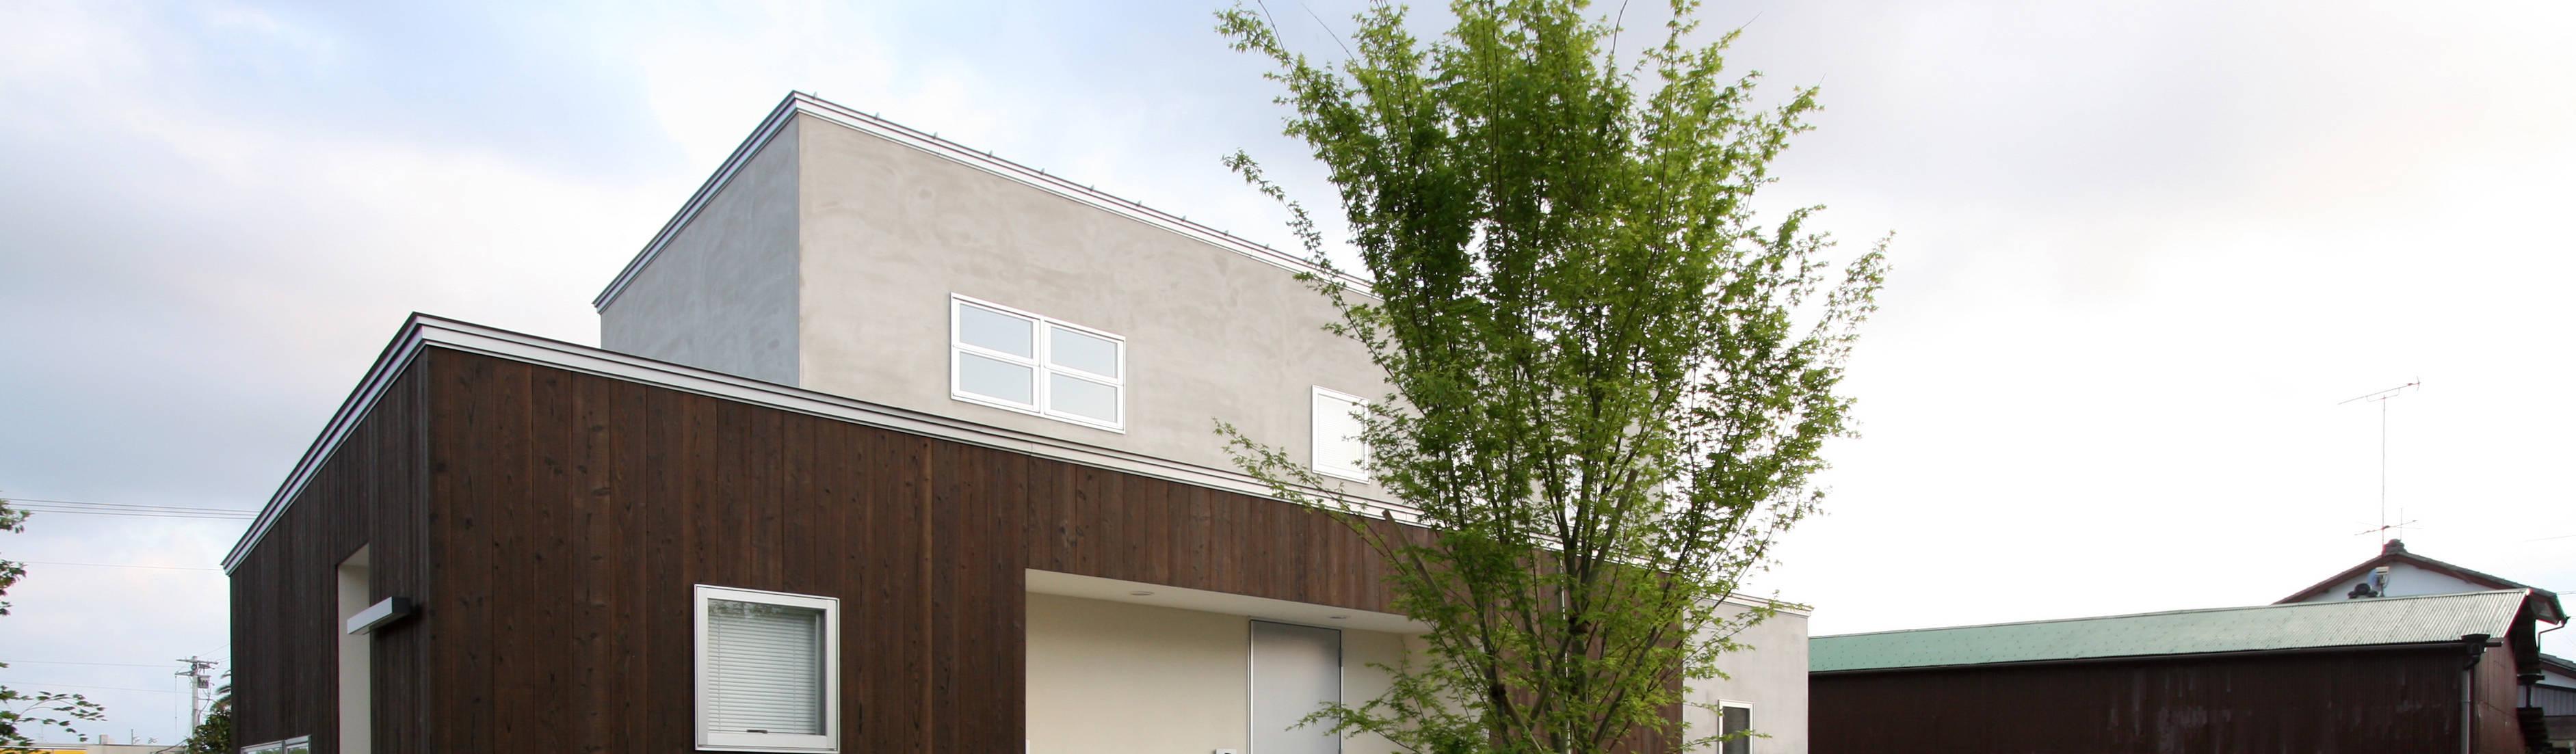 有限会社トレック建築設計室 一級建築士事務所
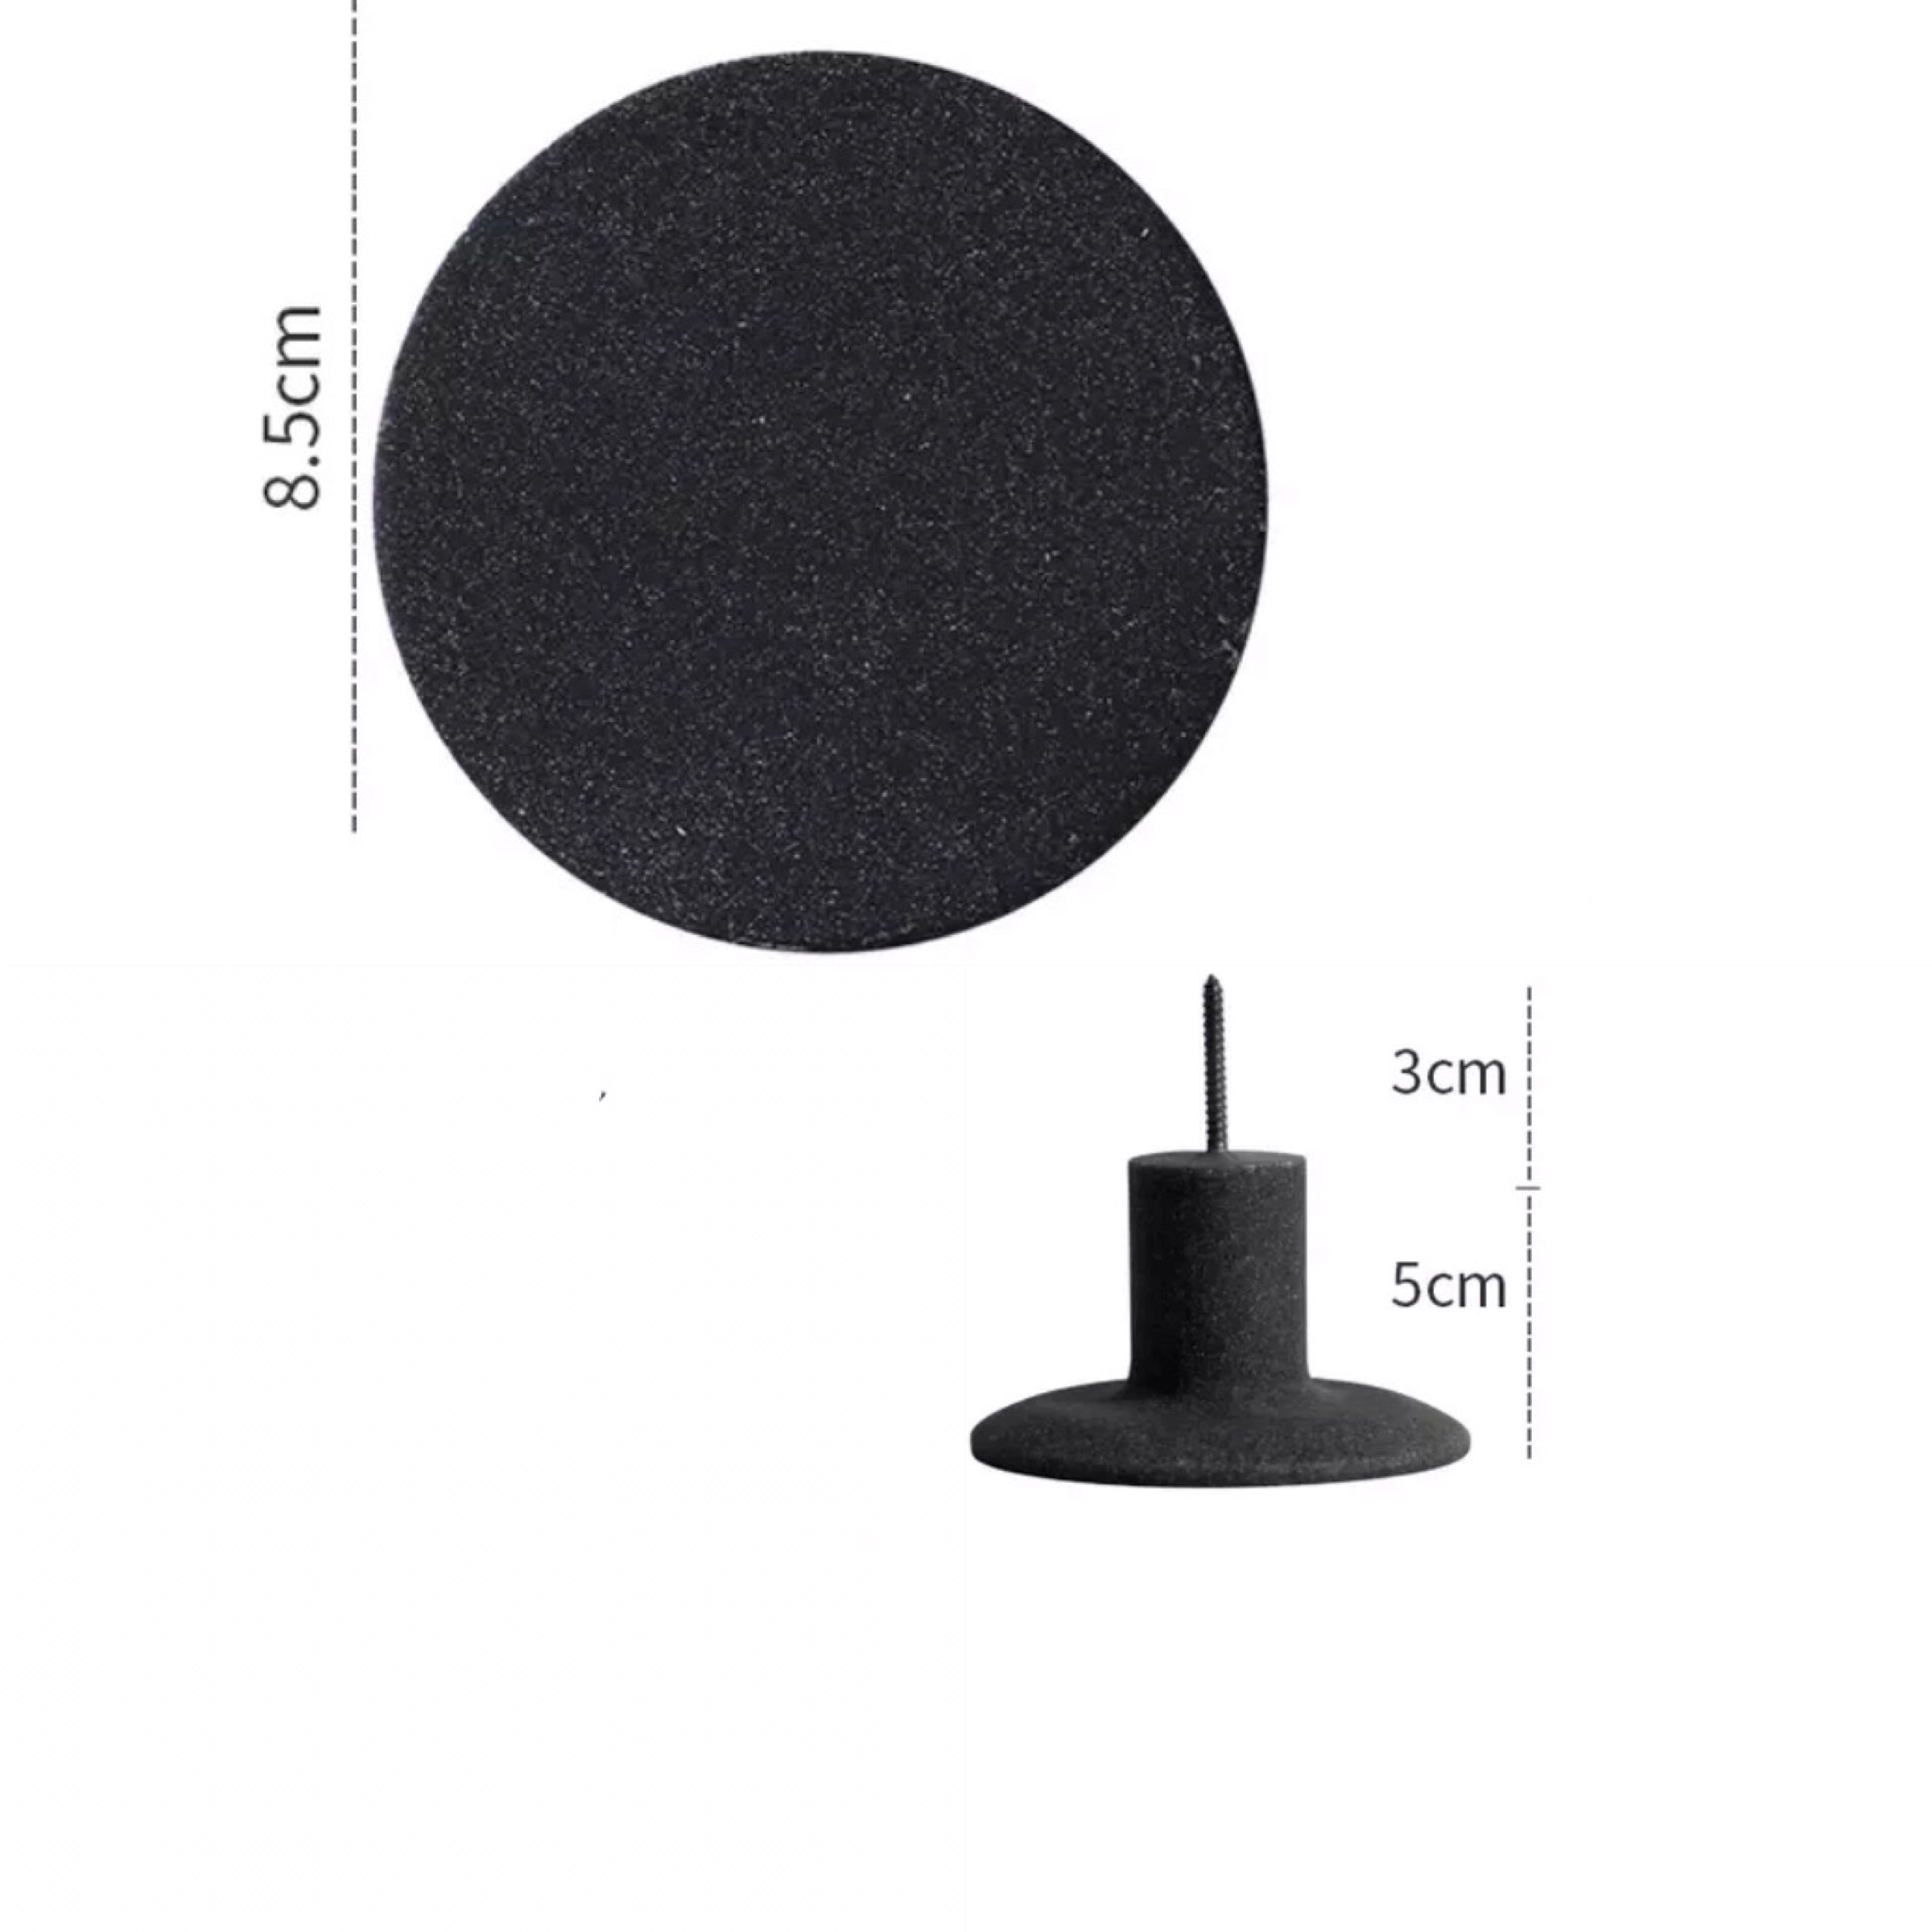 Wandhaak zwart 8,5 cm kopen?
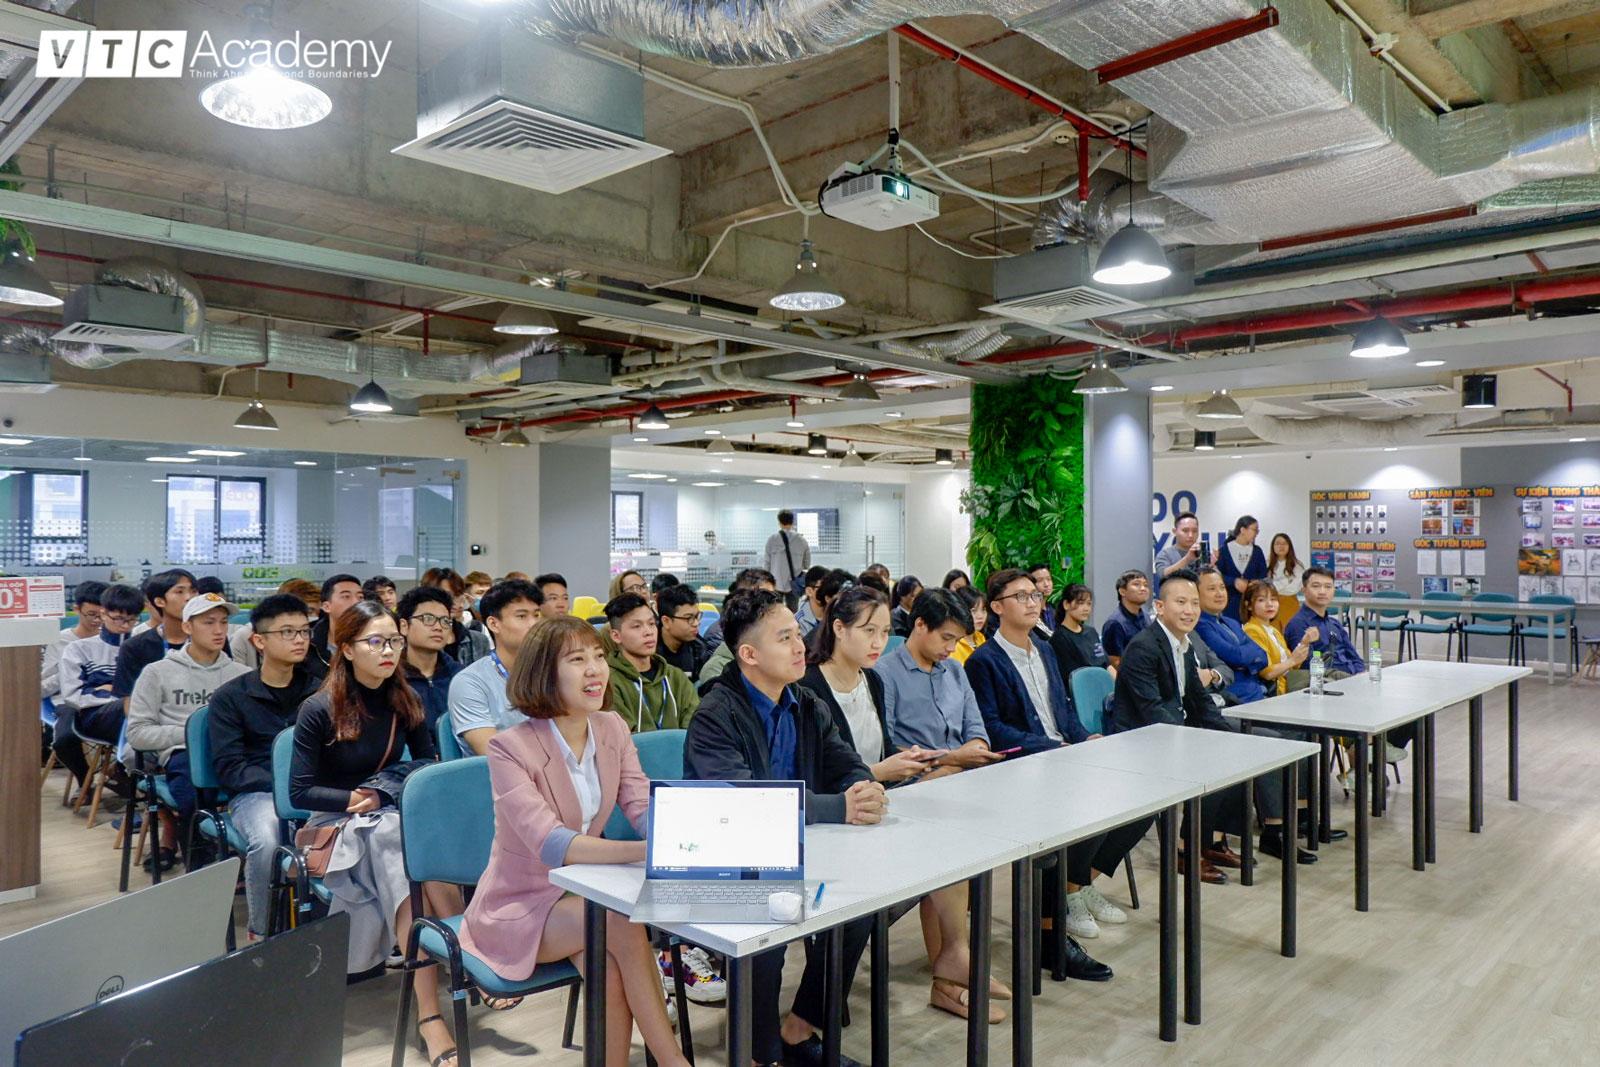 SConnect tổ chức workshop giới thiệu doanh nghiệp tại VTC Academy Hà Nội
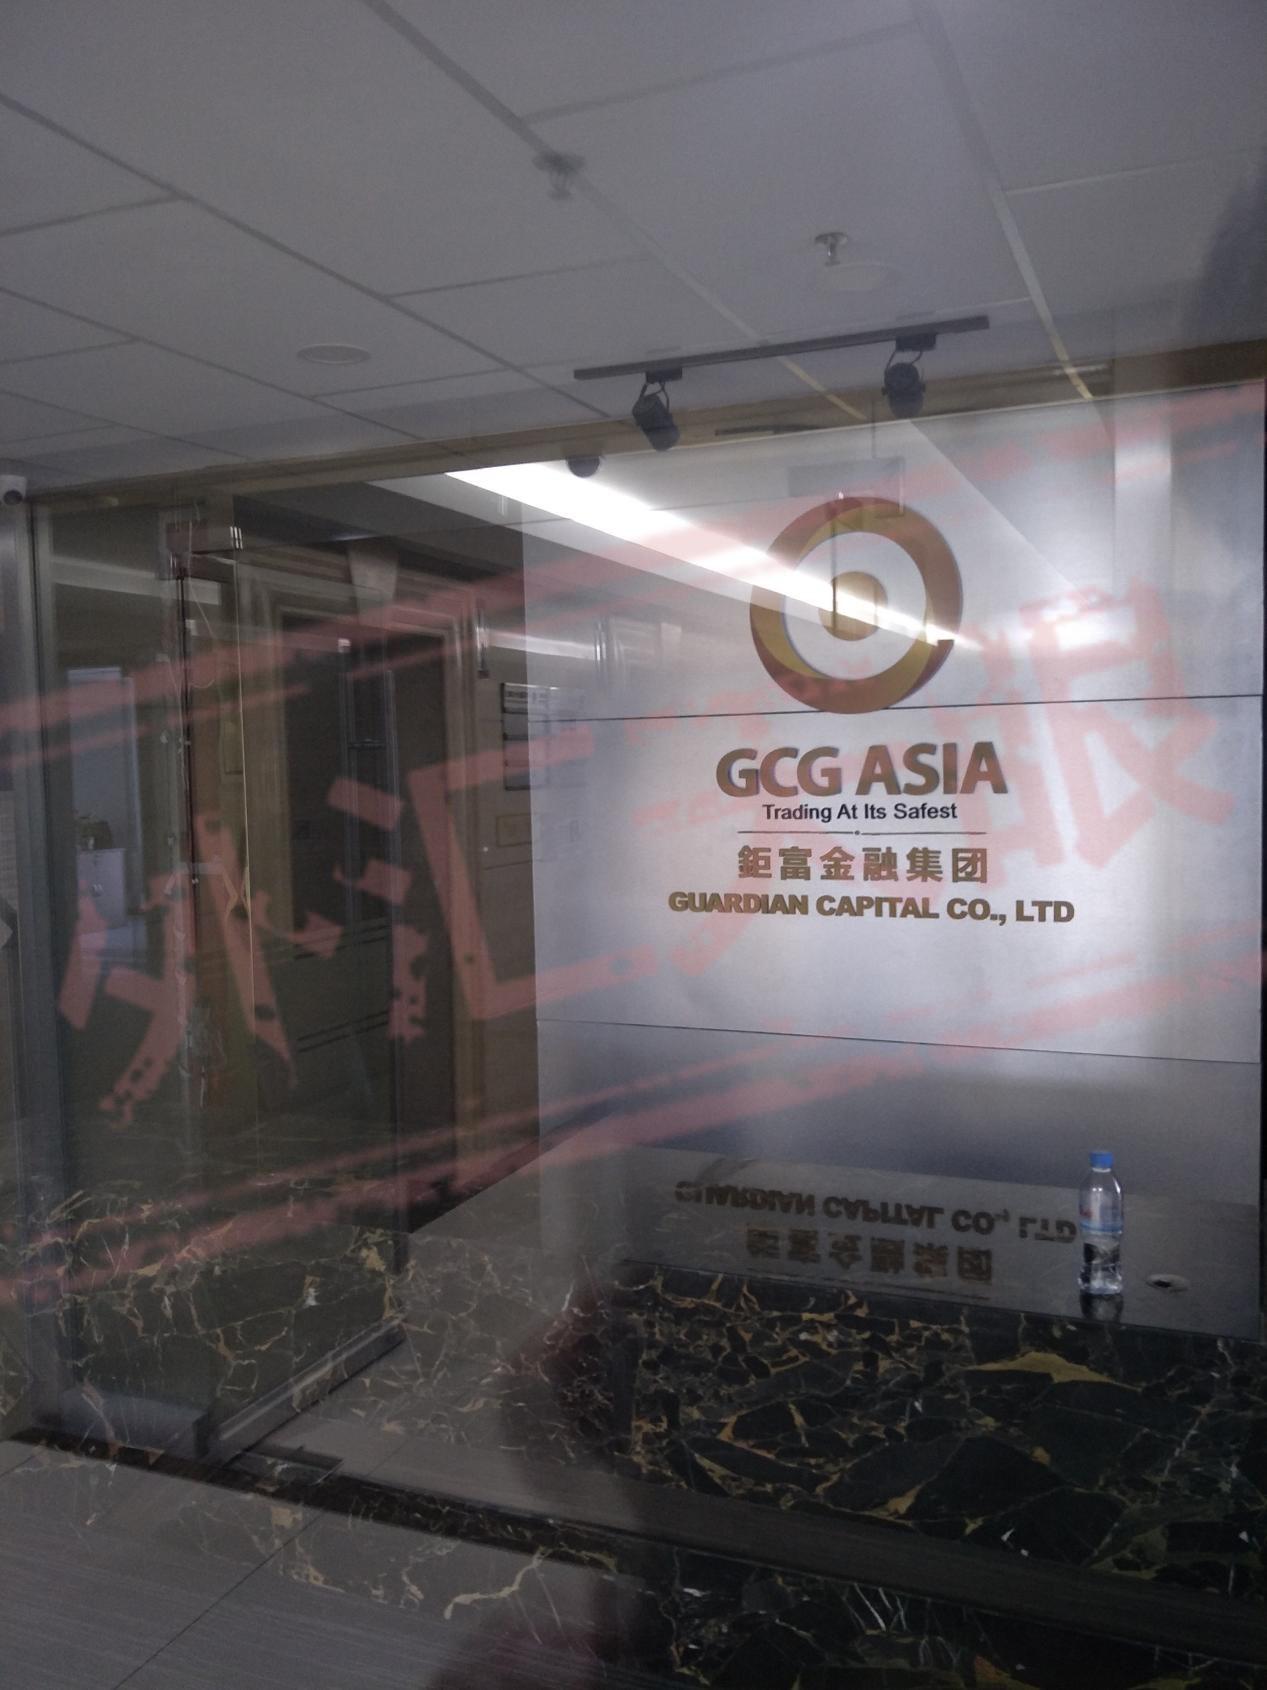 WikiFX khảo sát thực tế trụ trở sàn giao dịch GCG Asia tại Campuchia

··········

▶ _Exercise brief_: Word for word, retype the material above without its pictures.

▶ _Response_:
 有限会社トレック建築設計室 一級建築士事務所
 Wandhaak zwart 8,5 cm kopen?
 SConnect tổ chức workshop giới thiệu doanh nghiệp tại VTC Academy Hà Nội
 WikiFX khảo sát thực tế trụ trở sàn giao dịch GCG Asia tại Campuchia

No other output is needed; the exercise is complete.